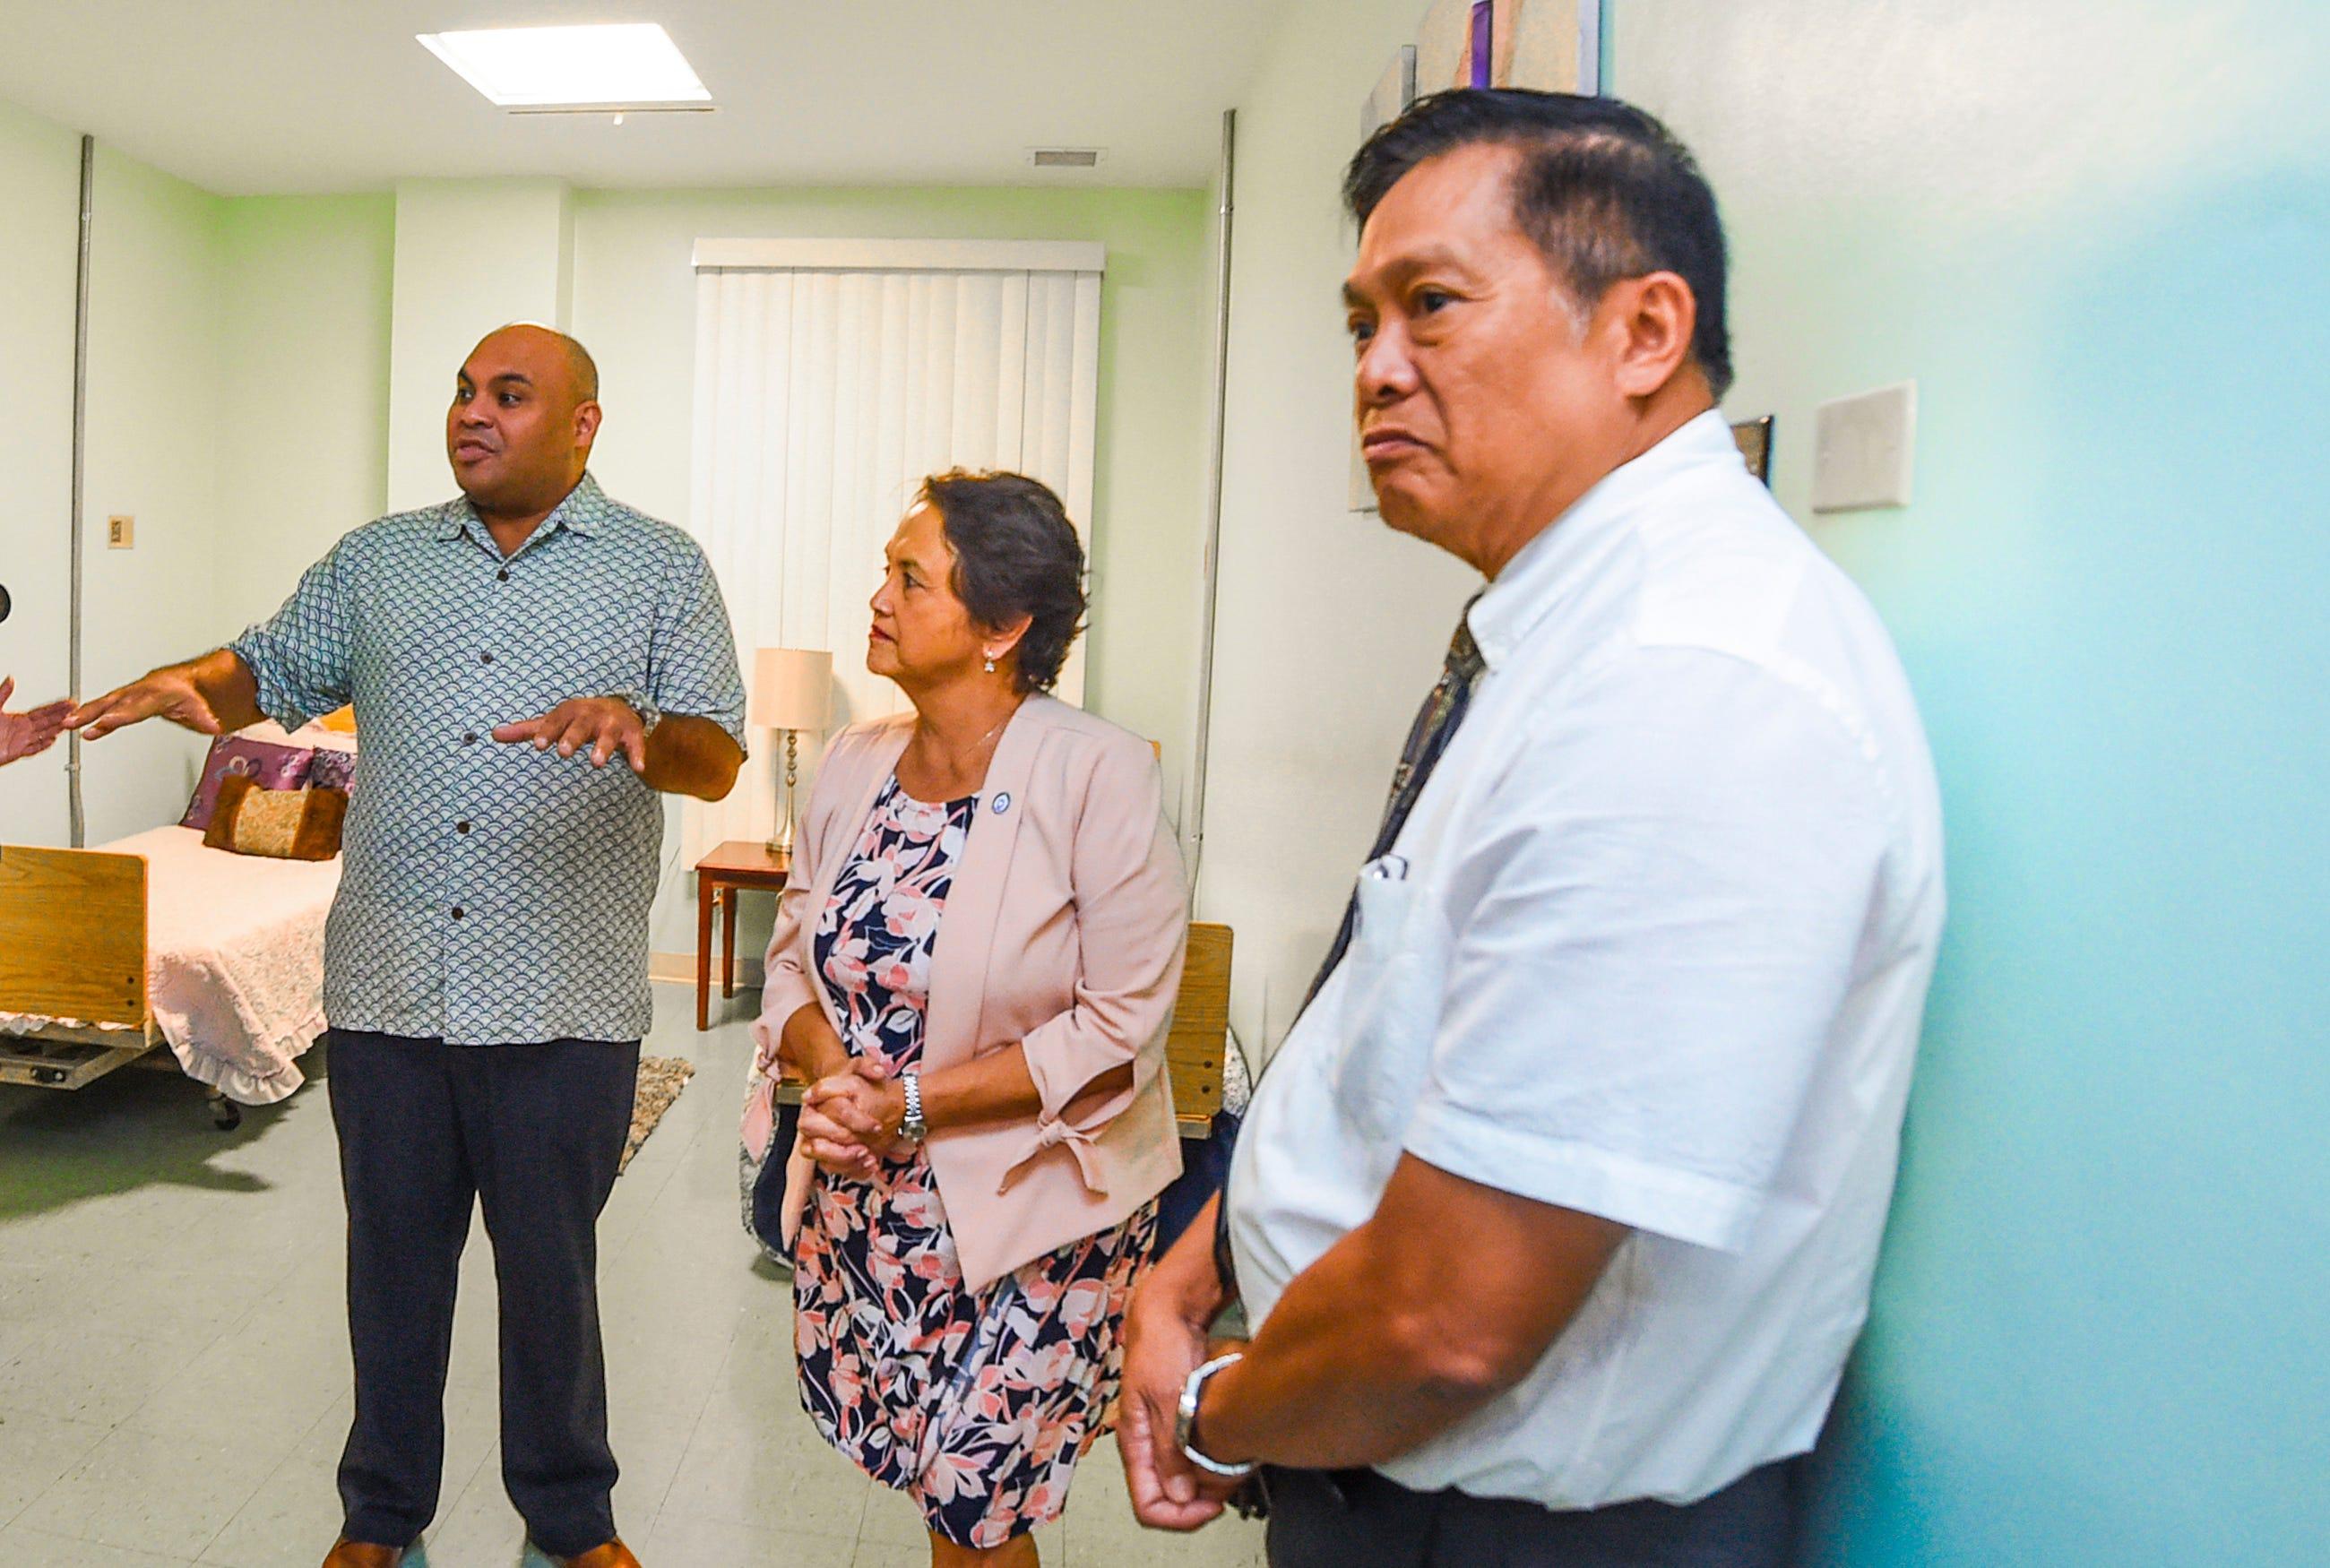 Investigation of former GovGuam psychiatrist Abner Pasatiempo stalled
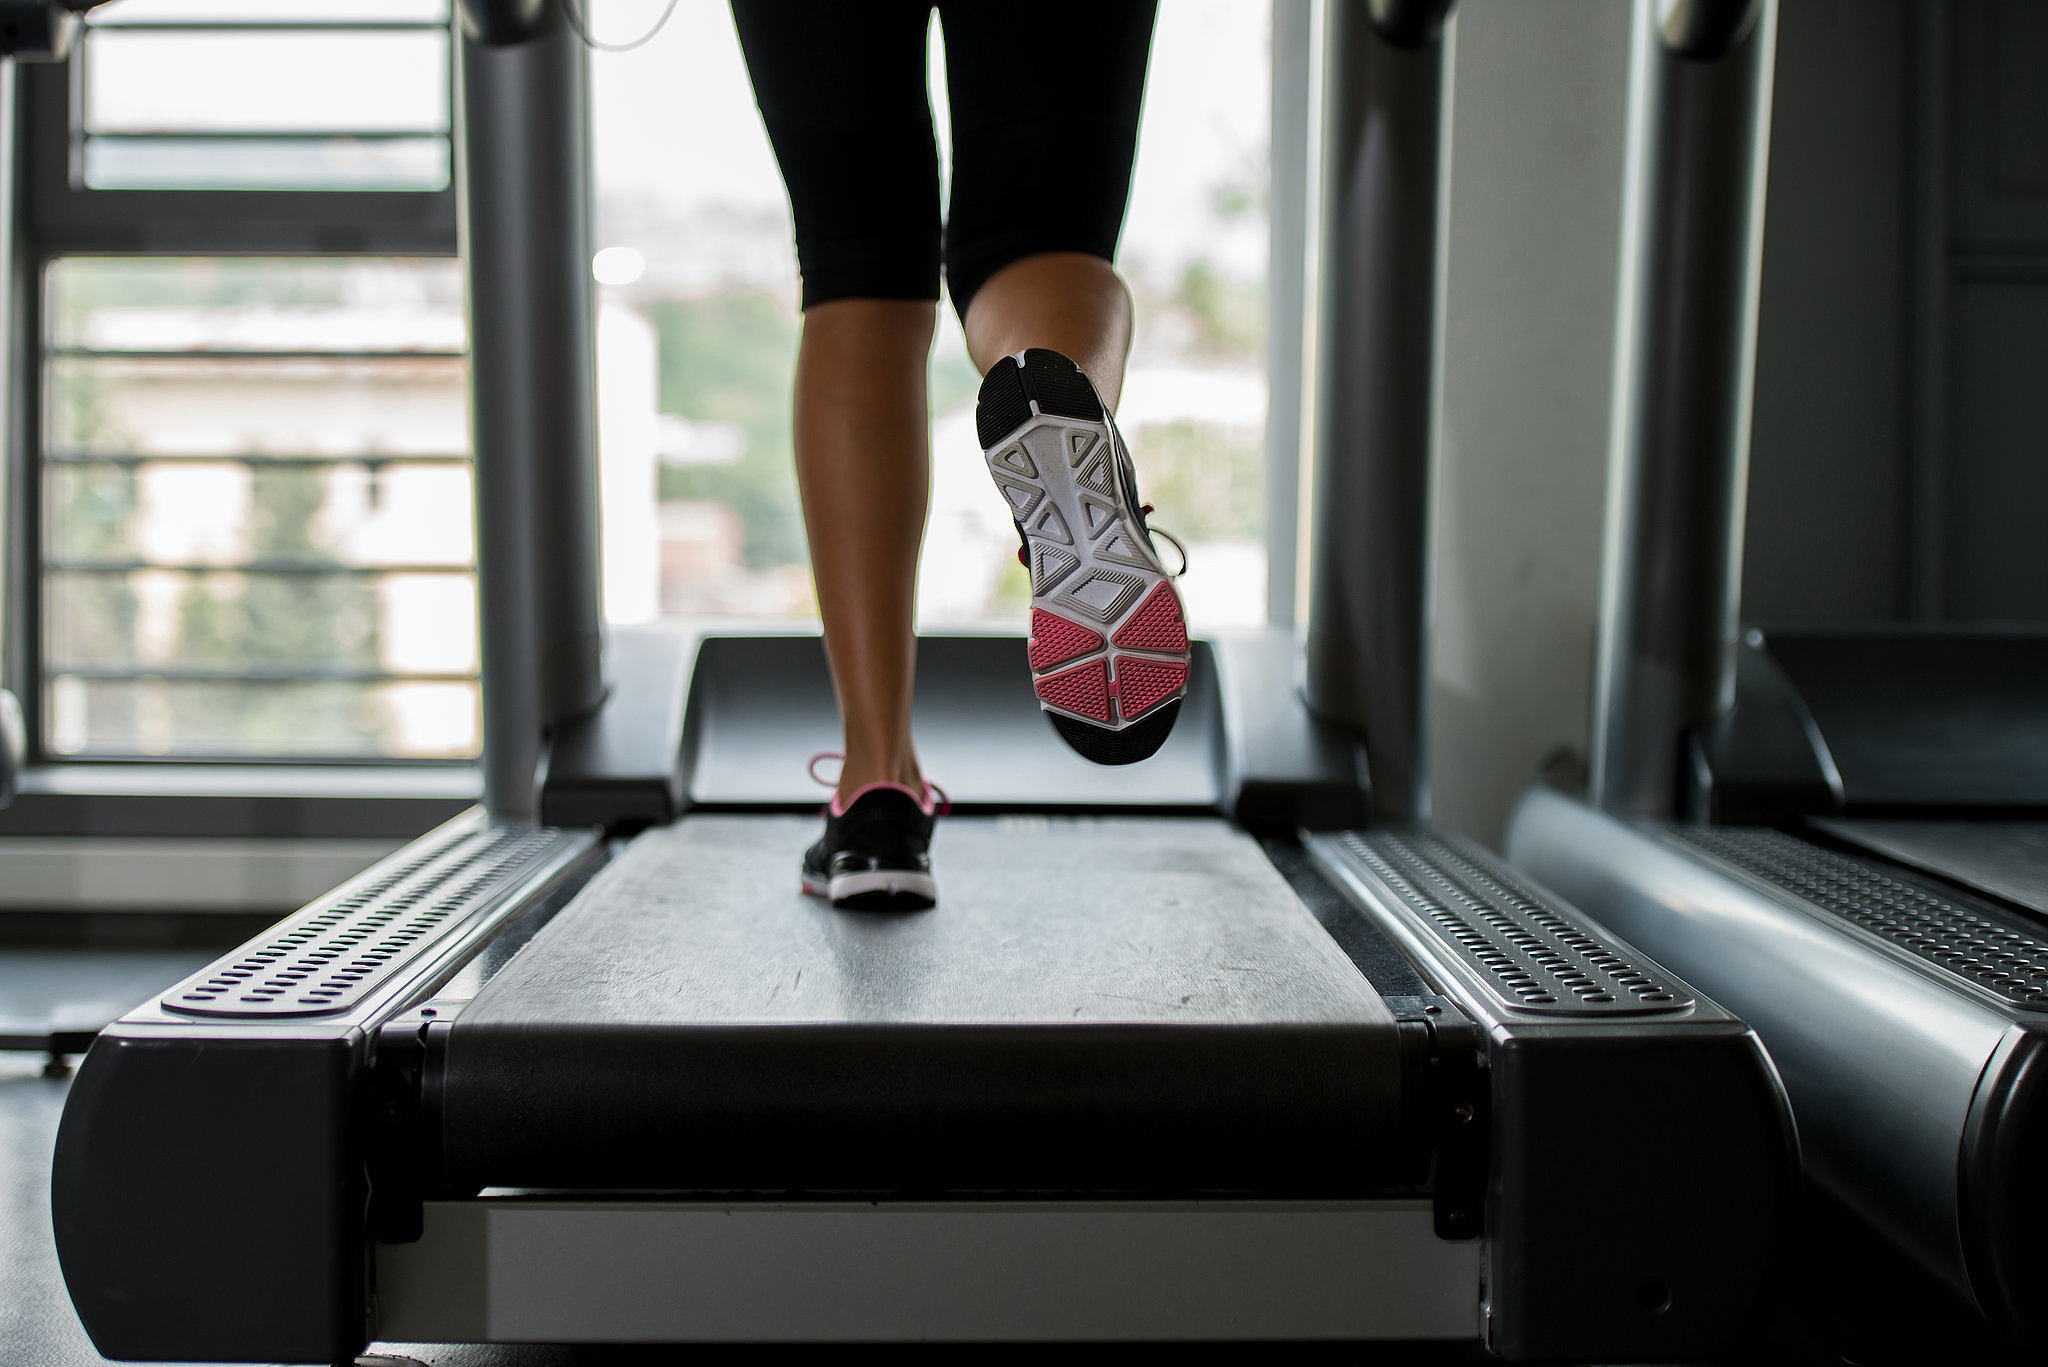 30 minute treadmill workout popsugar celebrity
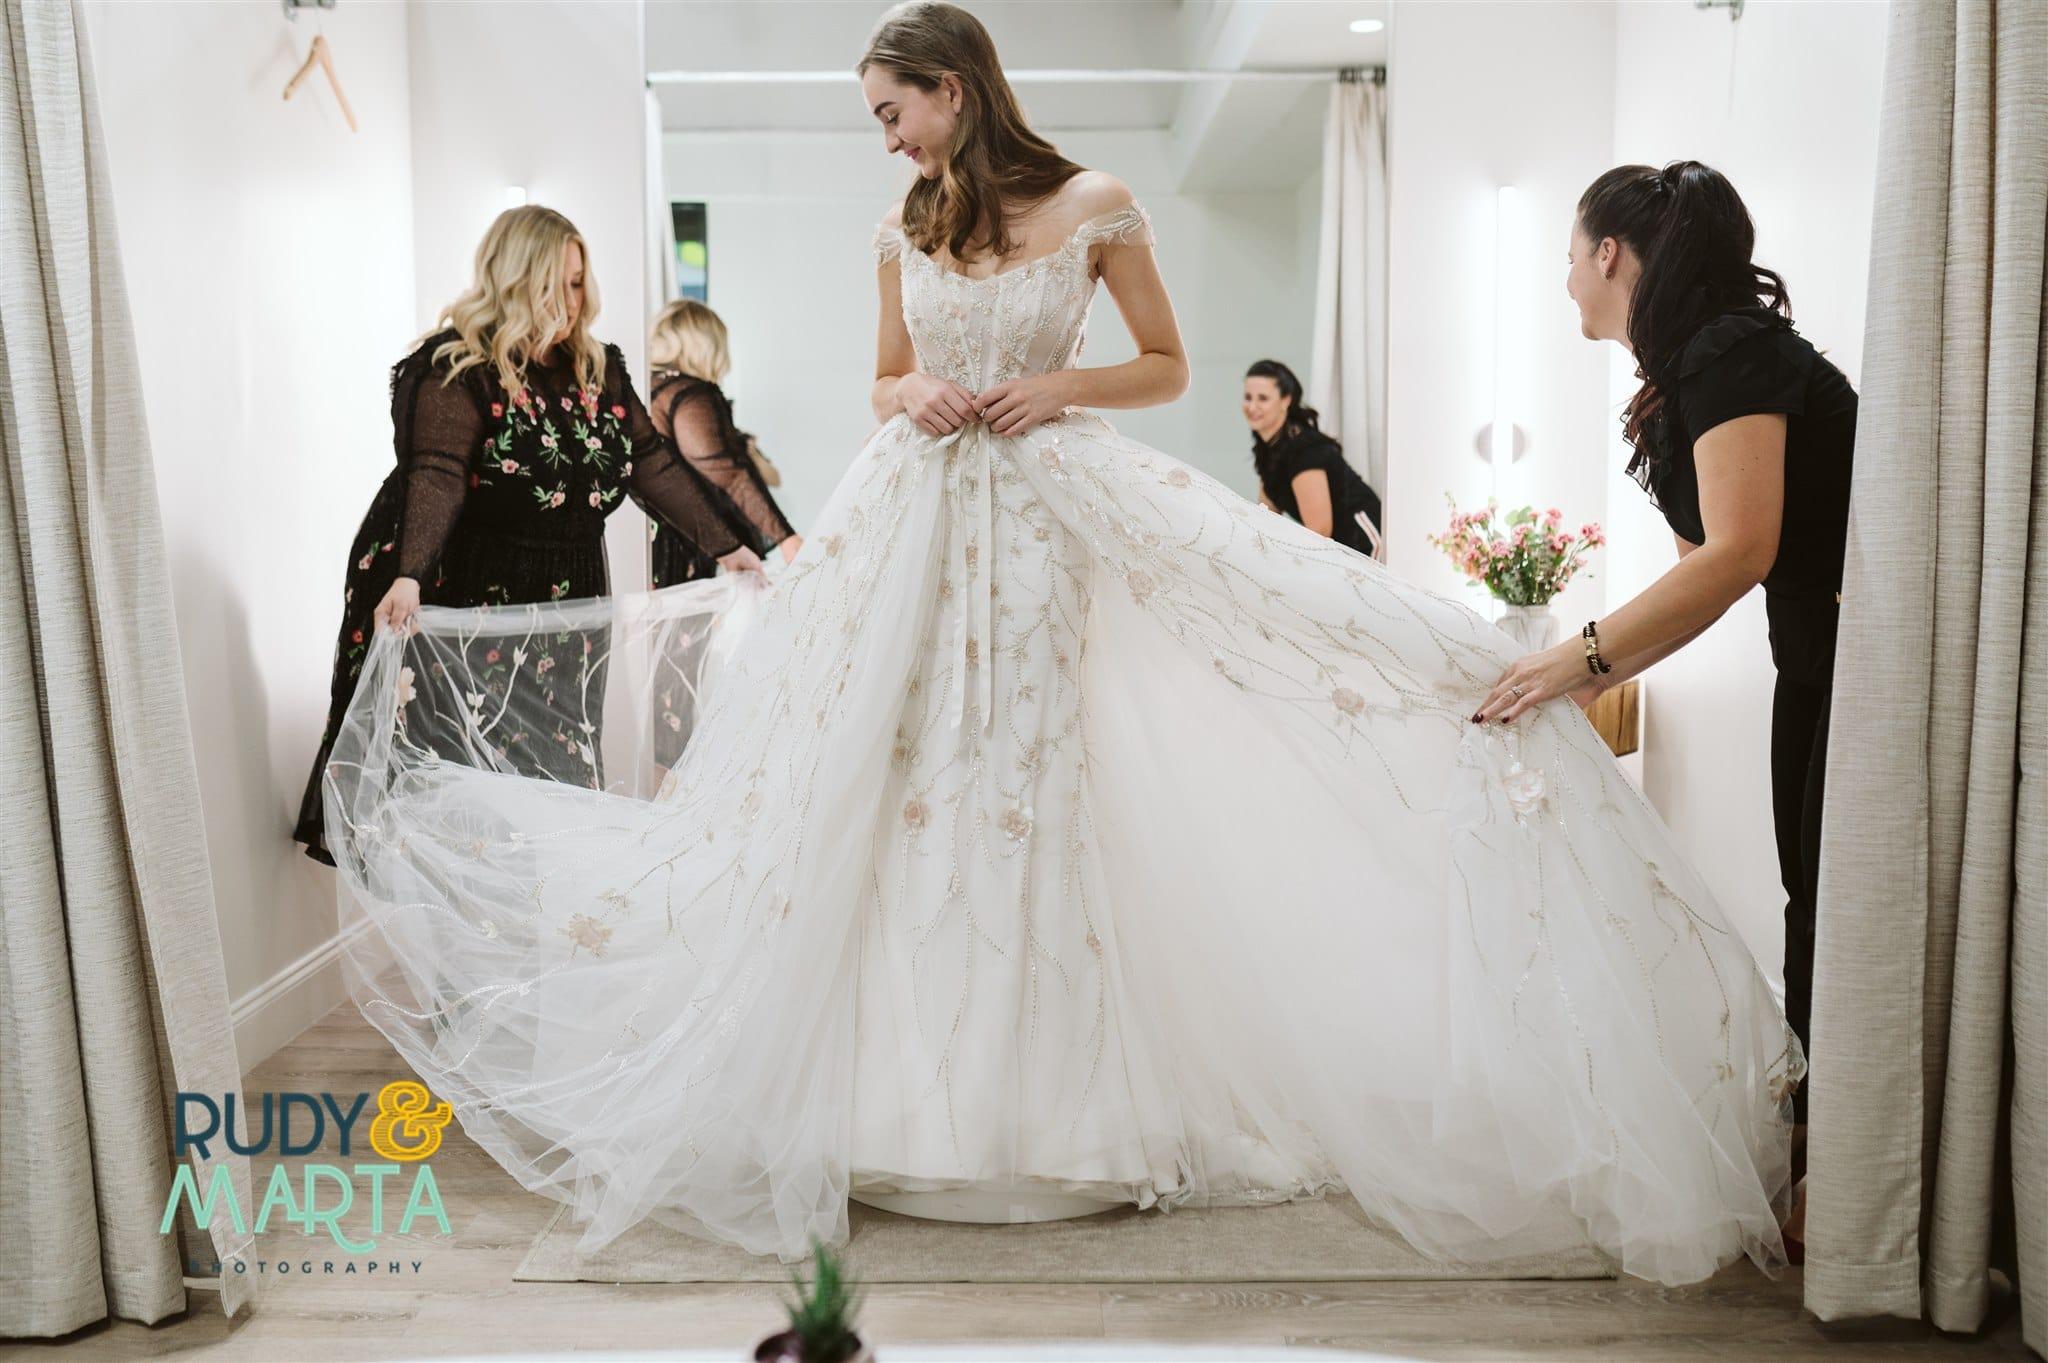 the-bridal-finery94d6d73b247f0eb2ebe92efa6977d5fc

### Task brief
Leaving the pictures aside, write out only the lines from the one containing "30 minute treadmill" through the end of the material, exactly as they stand.

### Output of the exercise
 30 minute treadmill workout popsugar celebrity
 the-bridal-finery94d6d73b247f0eb2ebe92efa6977d5fc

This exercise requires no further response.